Running Workloads with Mixed Critically

One of the most important issues complicating safety certification is mixed criticality. Complex systems have a variety of workloads that need to meet varying levels of safety requirements, based on their probability of occurrence and impact in case of failure. Further complicating design is the use of virtualization, which allows a single hardware controller to accommodate workloads for multiple machines.

The introduction of IT/business workloads and IoT connectivity to applications like factory automation adds yet another layer of complexity. Being able to monitor factory equipment remotely can significantly improve operating efficiency by turning real-time data into actionable intelligence.

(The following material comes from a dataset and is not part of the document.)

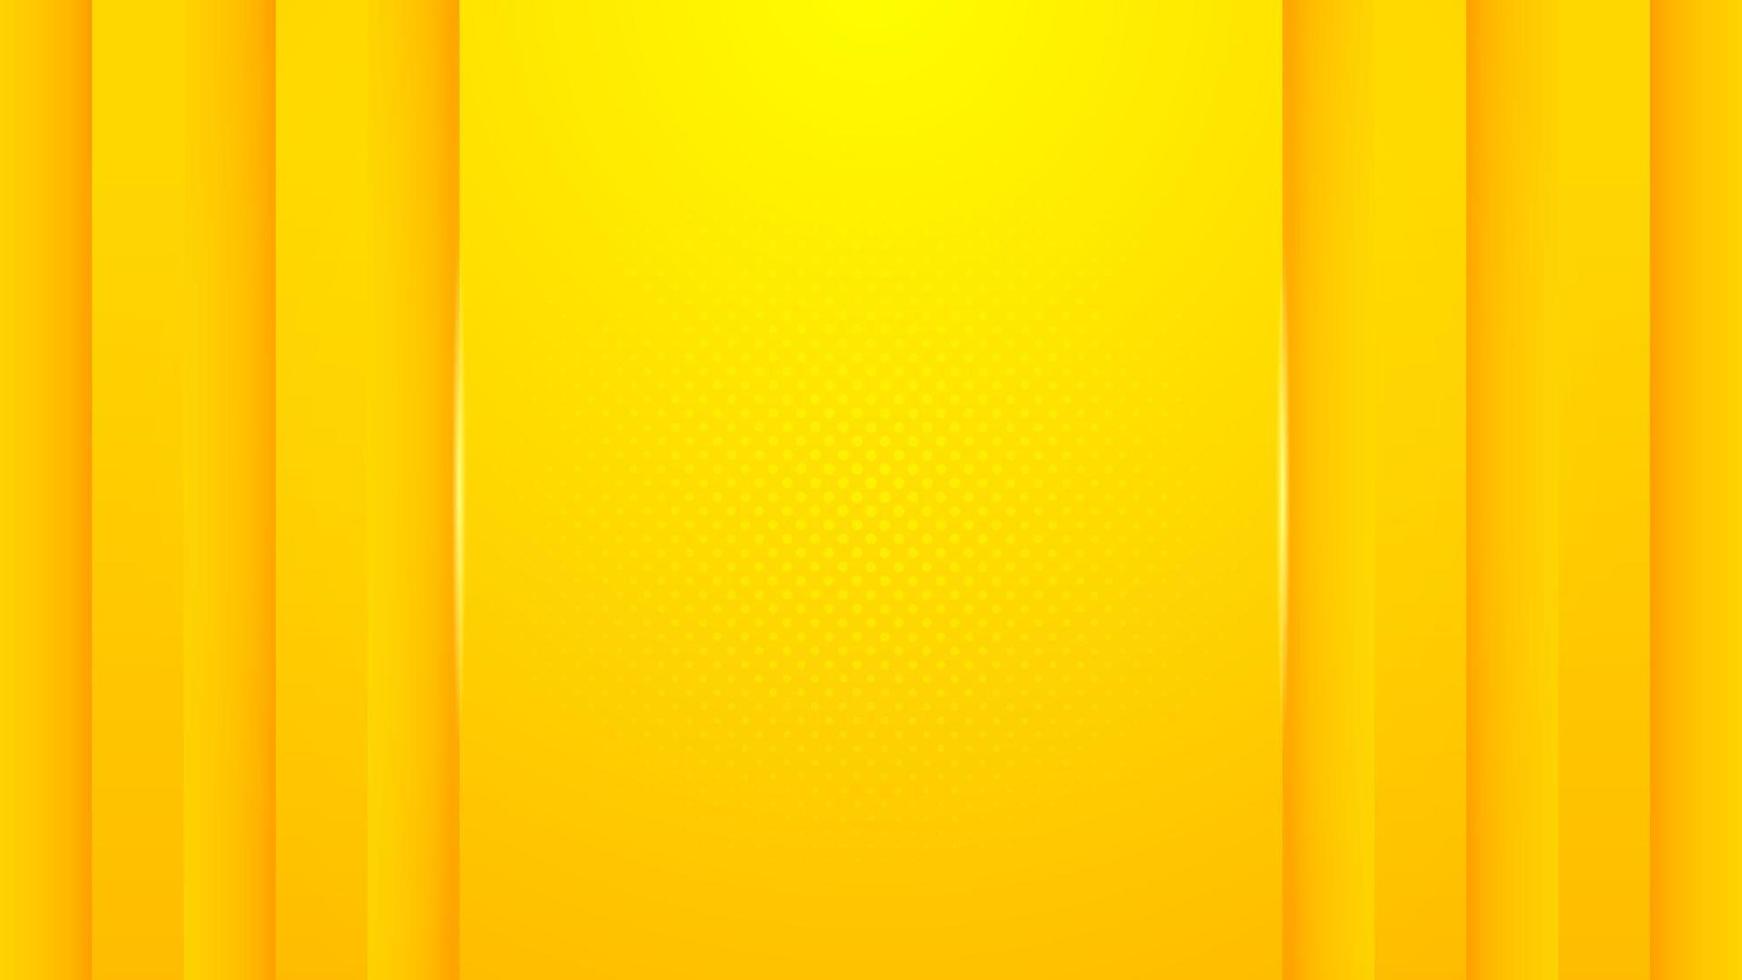 minimalismo abstracto fondo amarillo con vector de formas dinámicas en relieve 3d, diseño de banner con espacio vacío para colocar texto u objeto

But smarter manufacturing requires a robust and secure implementation that does not compromise the reliable operation of the system. The workloads that enable these advanced features could be third-party software and may not have been written to meet stringent safety requirements. Consider how a communications library that prioritizes guaranteed delivery could violate critical real-time deadlines as a consequence.

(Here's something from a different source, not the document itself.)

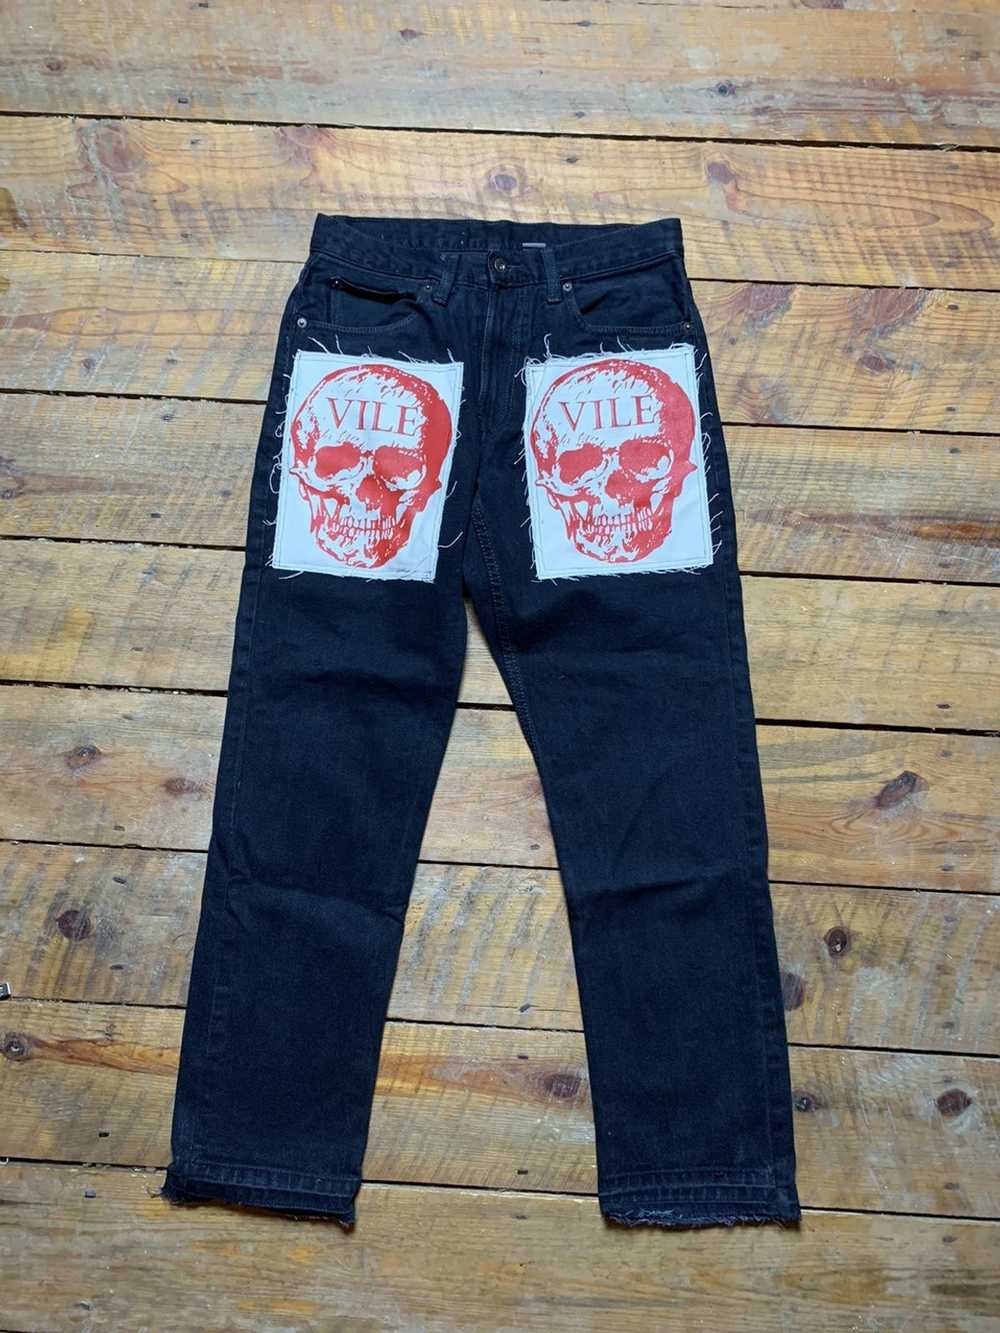 Custom × Vintage Vile skull jeans - image 2

To mitigate such risks, systems need to be able to isolate and protect the safe workloads from "non-safe" workloads. In other words, if the user interface (UI) crashes, the failure must be contained to prevent the main system from acting unpredictably. Similarly, if a machine in a virtualized environment goes down, this should not impact the other virtual machines sharing that environment.

Using a Safety-Critical OS

For these and other reasons, safety needs to be an integral part of a system's OS. As such, Wind River supports the Intel^® Xeon^® processor D-1529 with its safety-focused Linux and VxWorks OSs. These OSs provide a virtualized environment with advanced time and space partitioning capabilities that can support mixed criticality across diverse workloads.

Wind River also supports the platform through its Simics virtual development environment. This platform allows developers to model the Intel^® Xeon^® processor D-1529 along with the surrounding system ahead of hardware availability (Figure 3).

Figure 3. Wind River Simics enables whole-system simulation. (Source: Wind River)

Managing Complexity

Designing safe systems is only going to get more complicated as the Internet of Things becomes more pervasive. By considering safety at the onset of design and integrating safety mechanisms from the ground up, OEMs can have confidence their products will meet safety requirements today and tomorrow.